[WHAT THE EXERCISE ASKS]:
From the line that contains "УФ-лампа для ногтей Simei 707" down to the last line of the entries, repeat every line exactly. Do not carry over the pictures.

[DATA FOR THIS TASK]:
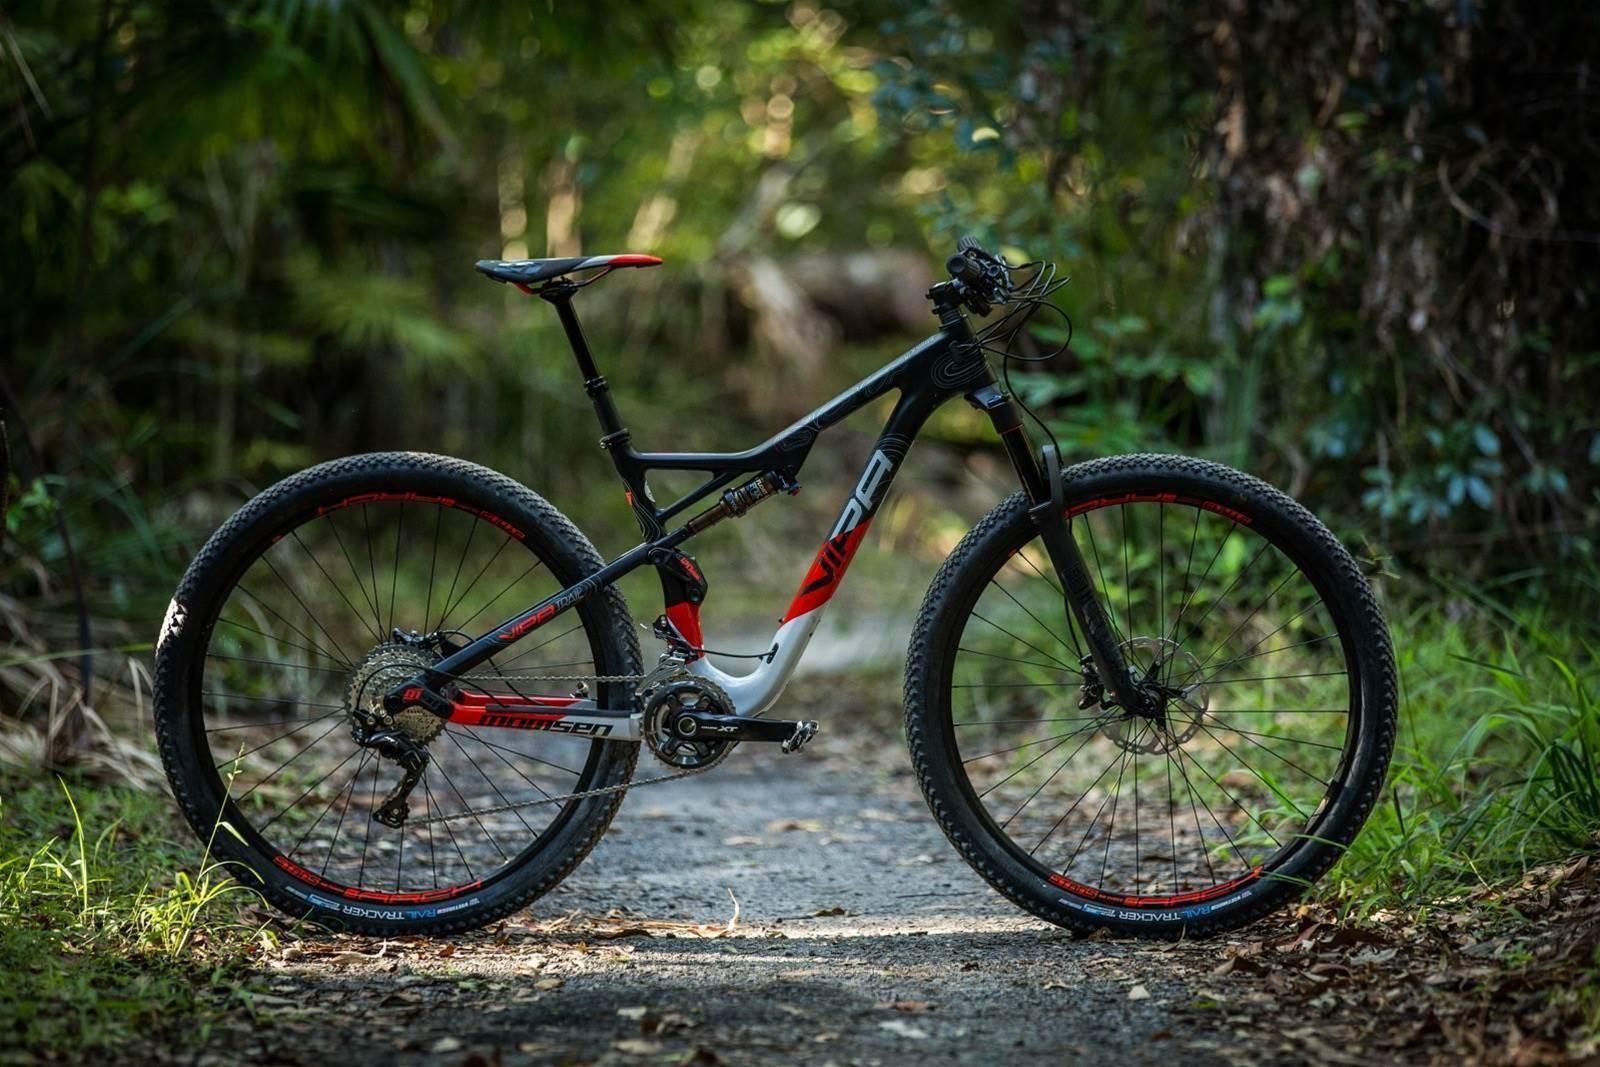 TESTED: Momsen Vipa Trail
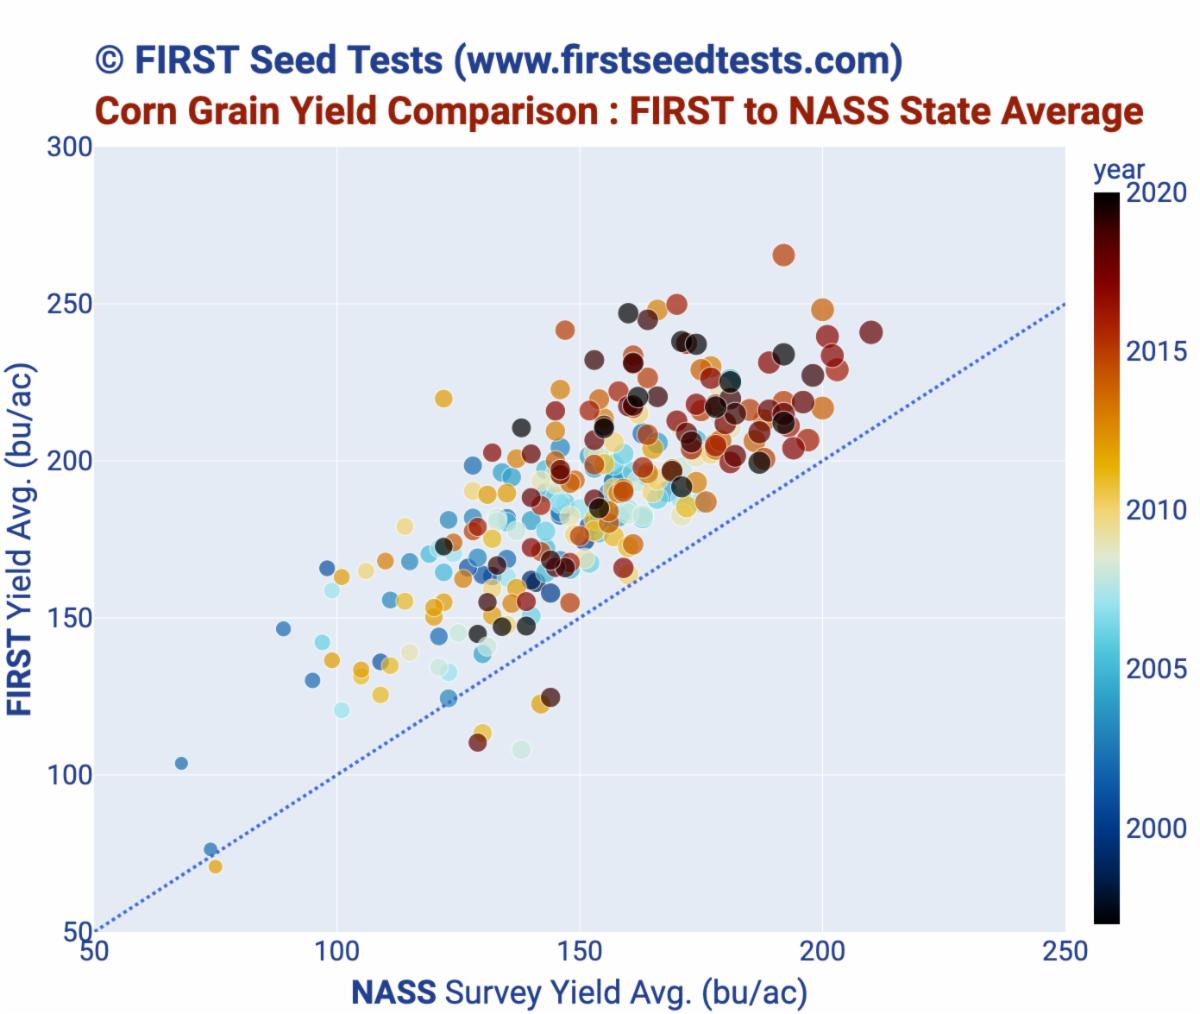 Corn Grain Yield NASS to FIRST comparison
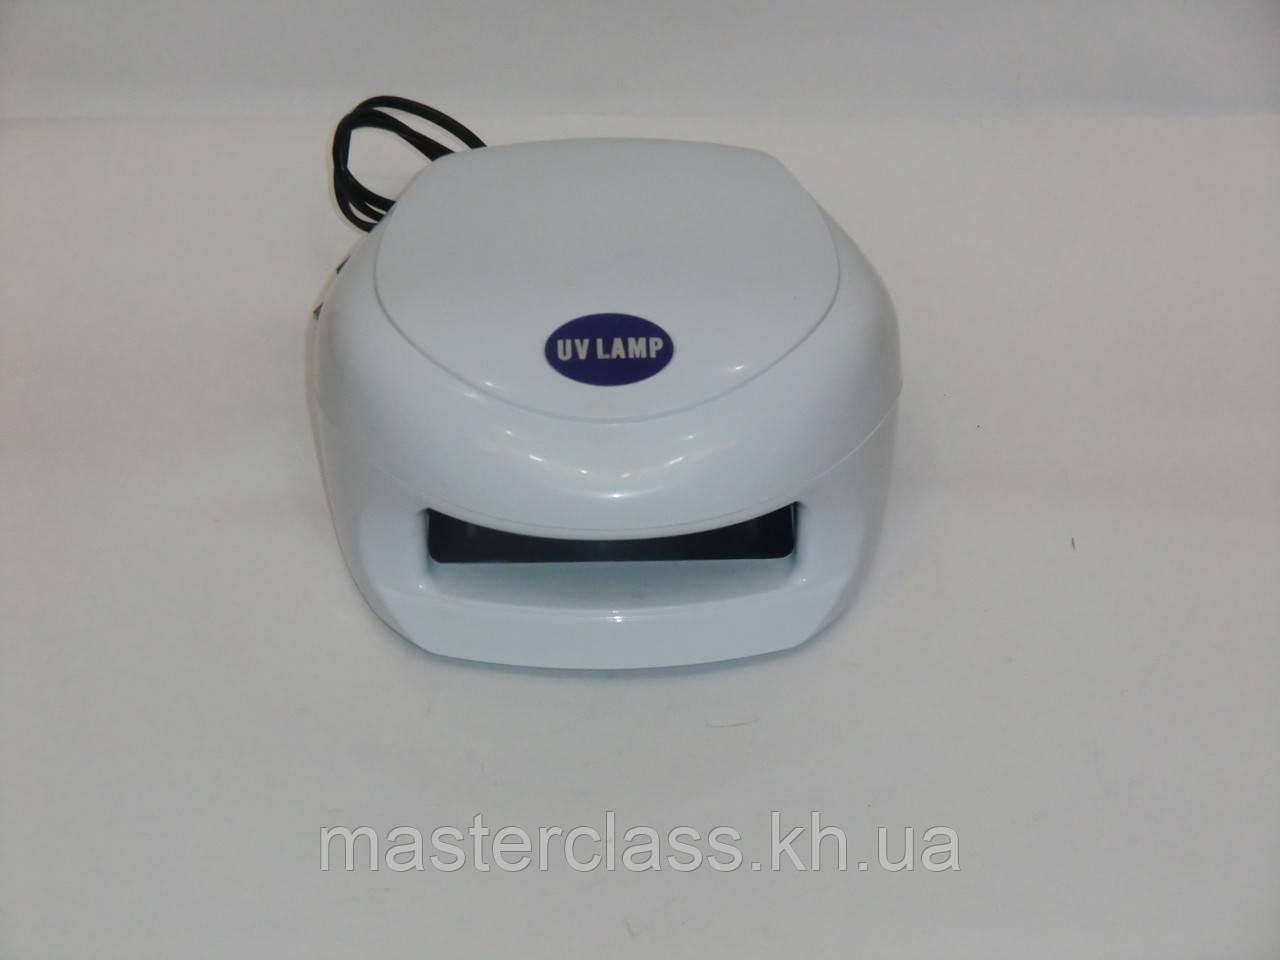 УФ-лампа для ногтей Simei 707
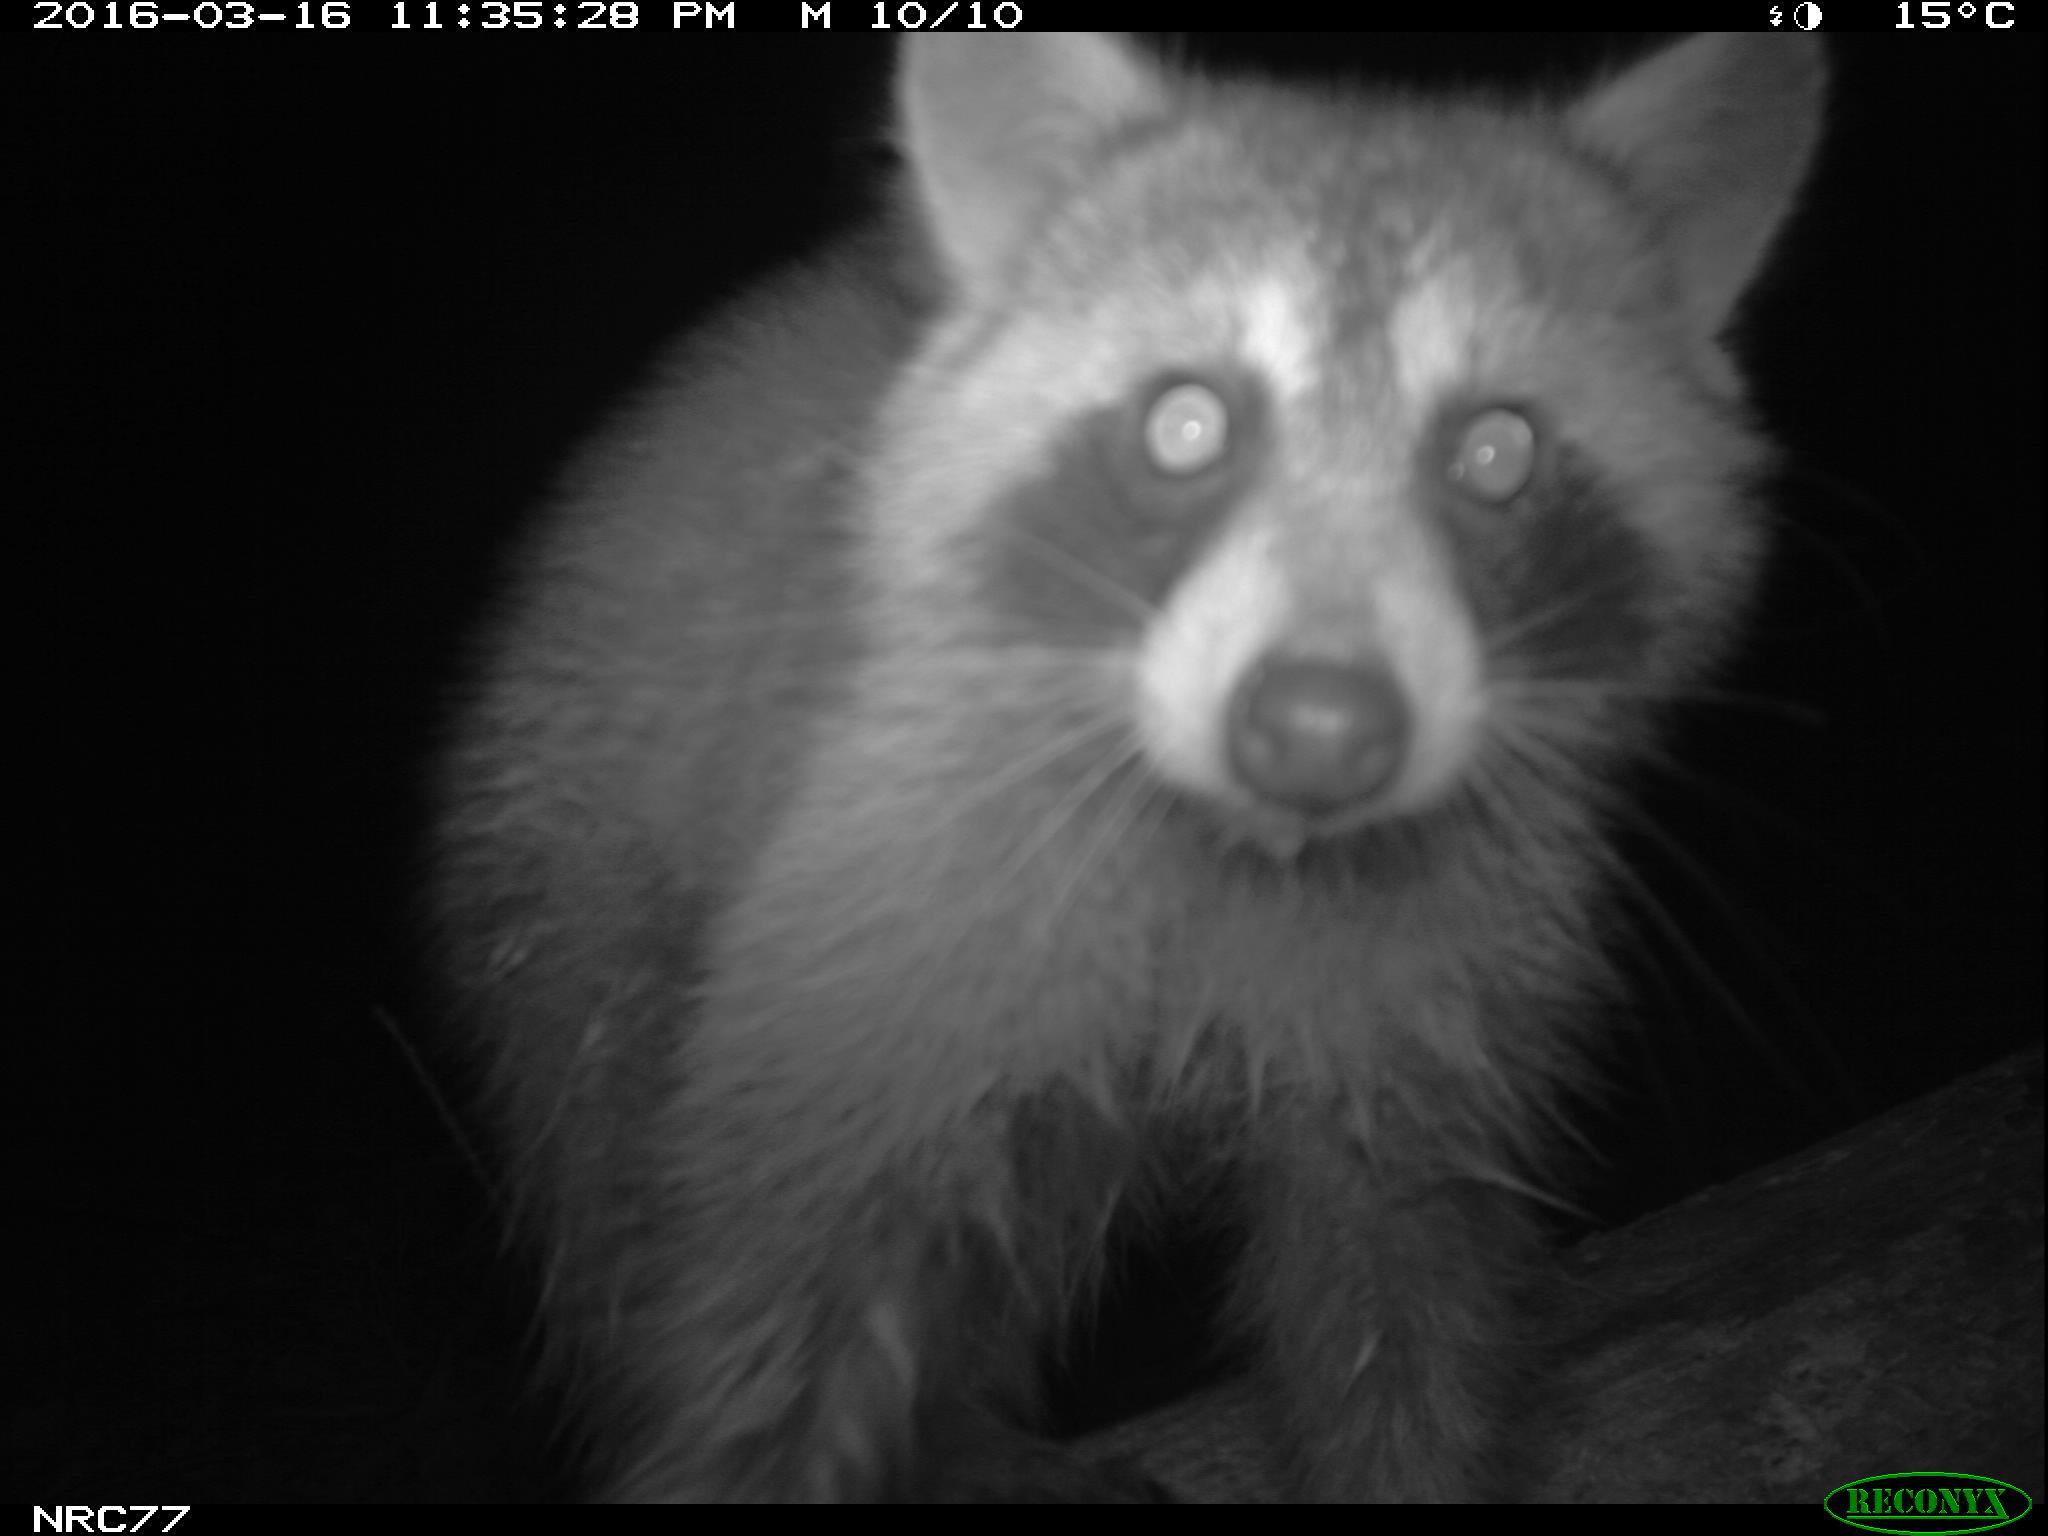 raccoon on camera trap
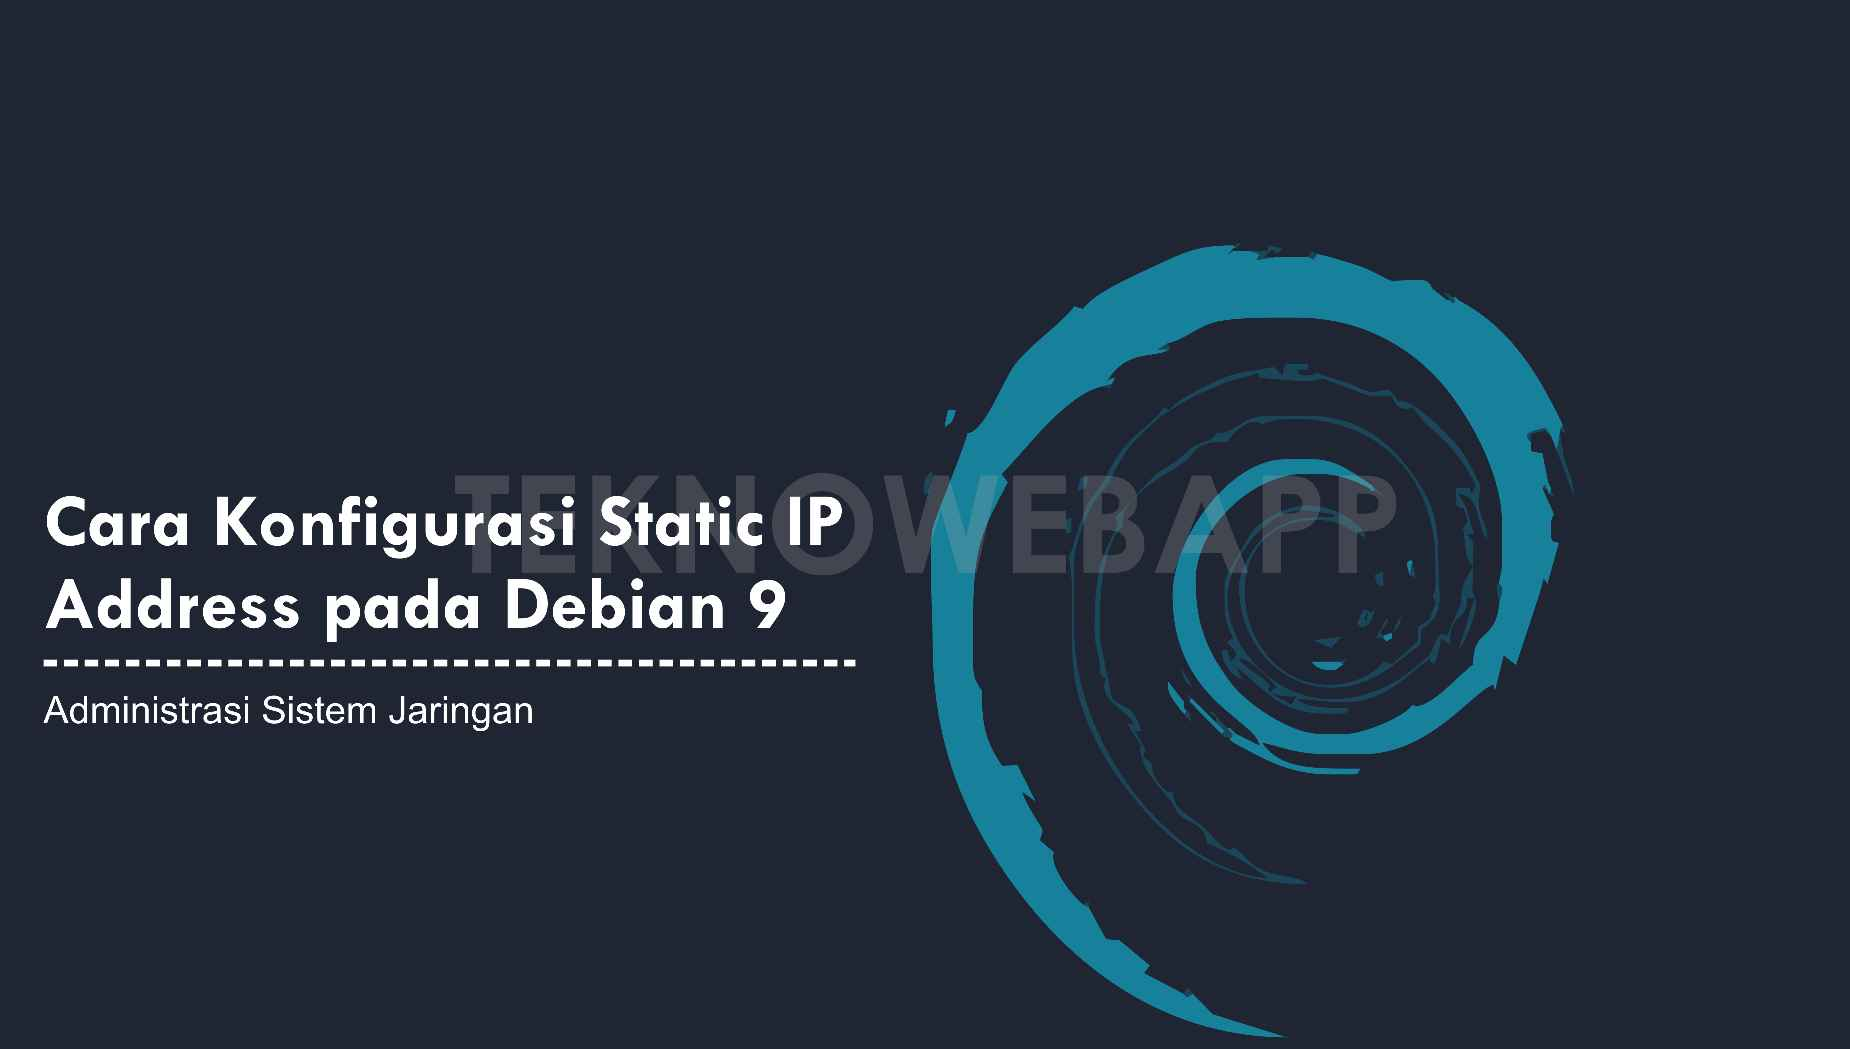 Konfigurasi Static IP Address pada Debian 9

[FINAL ANSWER]:
 УФ-лампа для ногтей Simei 707
 raccoon on camera trap
 Konfigurasi Static IP Address pada Debian 9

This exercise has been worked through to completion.